Here are 3 of the most common hiring mistakes that hiring managers make which you should try to avoid –
We all want good employees to join our company as soon as possible. Don’t miss the chance of hiring great candidates due to the long and slow hiring process. Try to figure out the average time taken from the application to the job process. If it’s indulging longer time than usual, find out what is the cause of the delay. it may happen that the good candidates are applying but they are moving out due to the lengthy, time-consuming hiring process without proper feedback. Try to implement ways that can avoid delays and can speed up the decision-making.
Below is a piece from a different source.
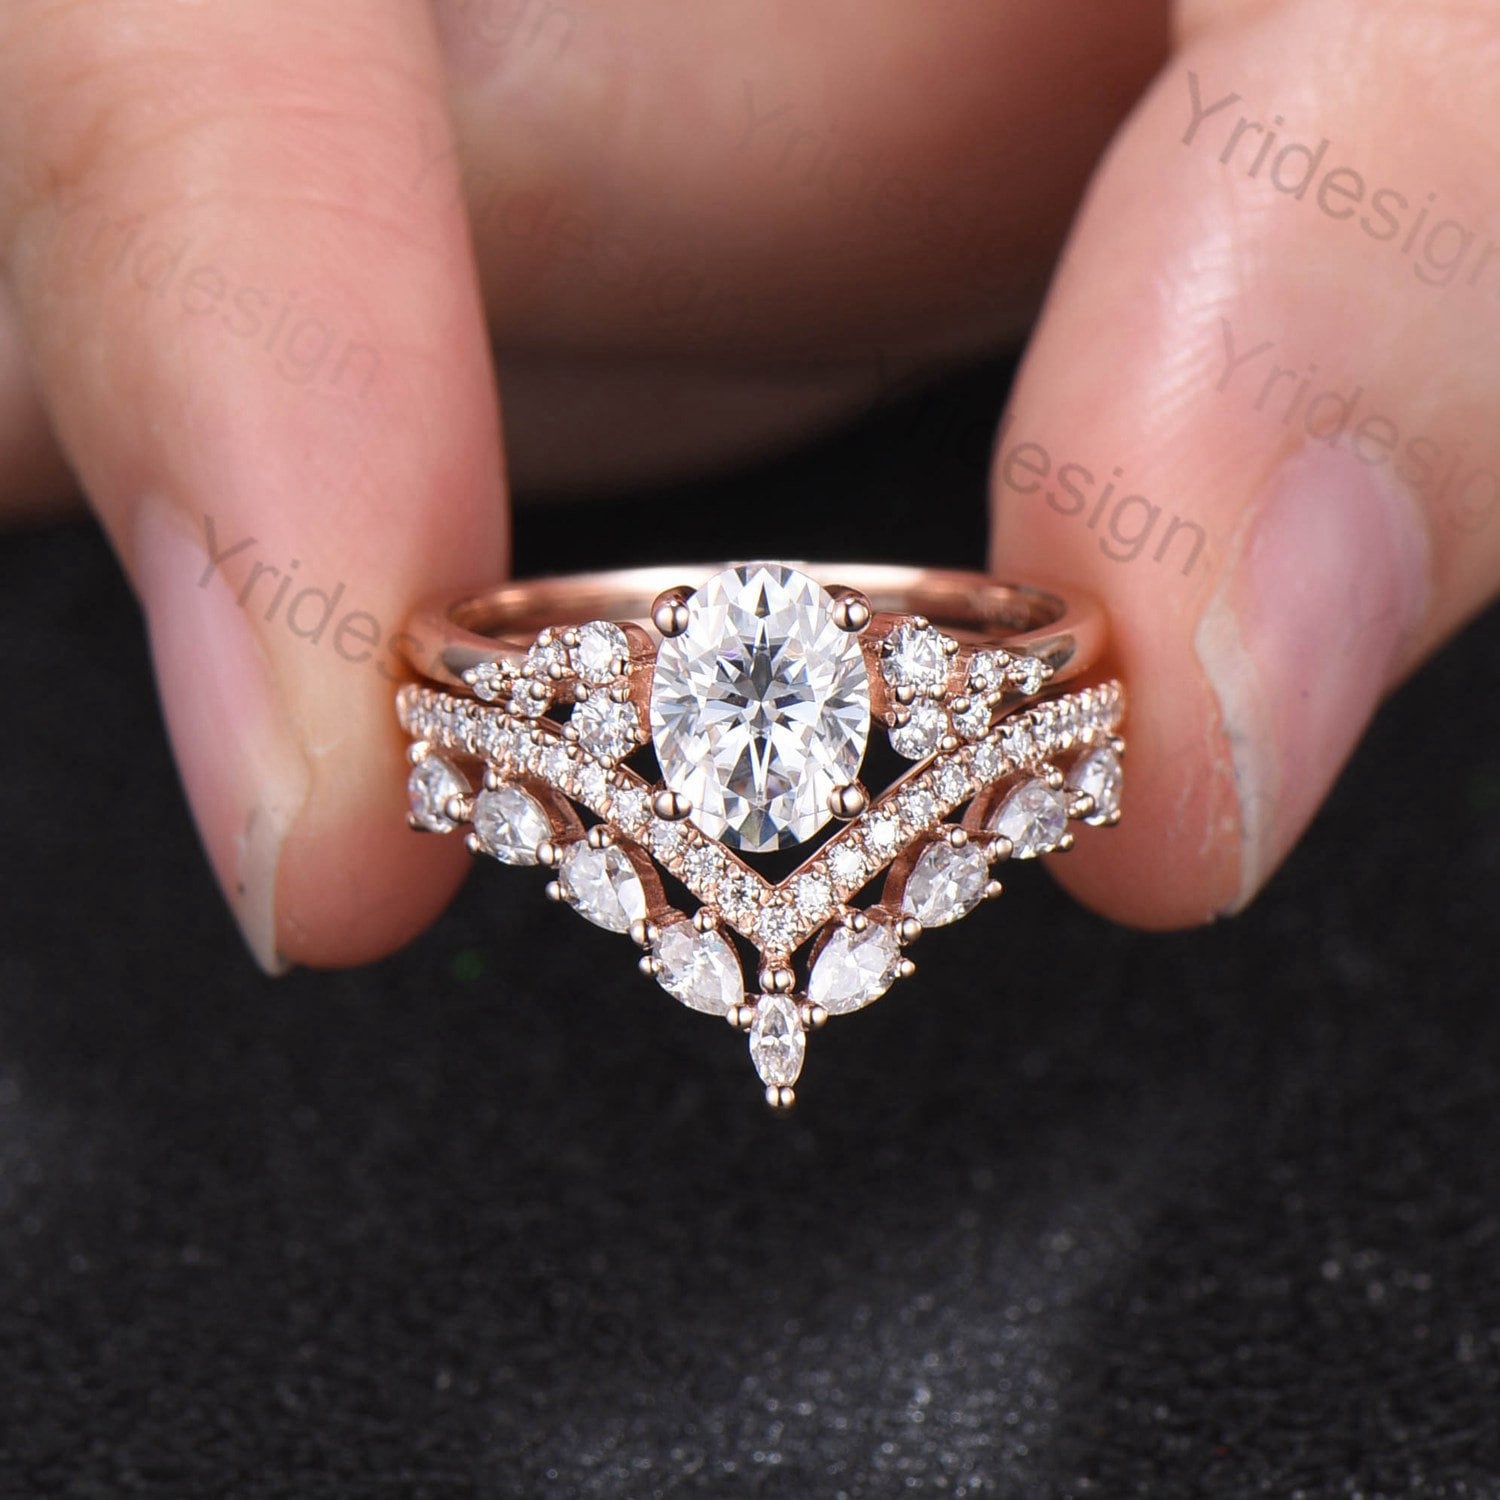 Super stylish rose gold ring with 1ct solitaire -

Most importantly communication is very essential, provide the candidates with necessary updates and feedback to maintain their interest and reducing the chance of missing out a good candidate.
An unstructured interview is just a waste of time for both the candidates and the hiring managers. You need to structure up the interview process so that you don’t end up talking and asking too many questions and fail to learn the candidate. In this scenario, the interviews will be unnecessarily long and the hiring might missout on the quality candidates. A structured interview must have drafted questions that will give you the relevant information about the job requirements, note the must-have skills which will add more weight to the job requirements, go through the candidate’s resume and make note of specific questions that need to be asked to justify the skills and experience. You must give enough time to the candidate to speak and must have the patience to listen to him/her carefully. Finally, always make a note of the points or discussion so that you don’t miss out on any vital points.
Before the primary interview takes place, create an interview scorecard that lists the key accomplishments and skills you would like within the person you hire. You might have 7 criteria (sales skills, organizational skills, leadership abilities, etc.) that each interviewer scores the candidate from 1-5. This helps you to grade every candidate objectively against criteria that are important for the work.
Additionally, encourage every interviewer to write down what candidates actually say during the interview, instead of what they thought was said. When interviewers review these verbatim notes it’ll jog their memories and recall the candidates’ actual responses. In turn, this may enable everyone to more accurately discuss the candidate’s strengths and weaknesses and choose who makes a subsequent round of interviews.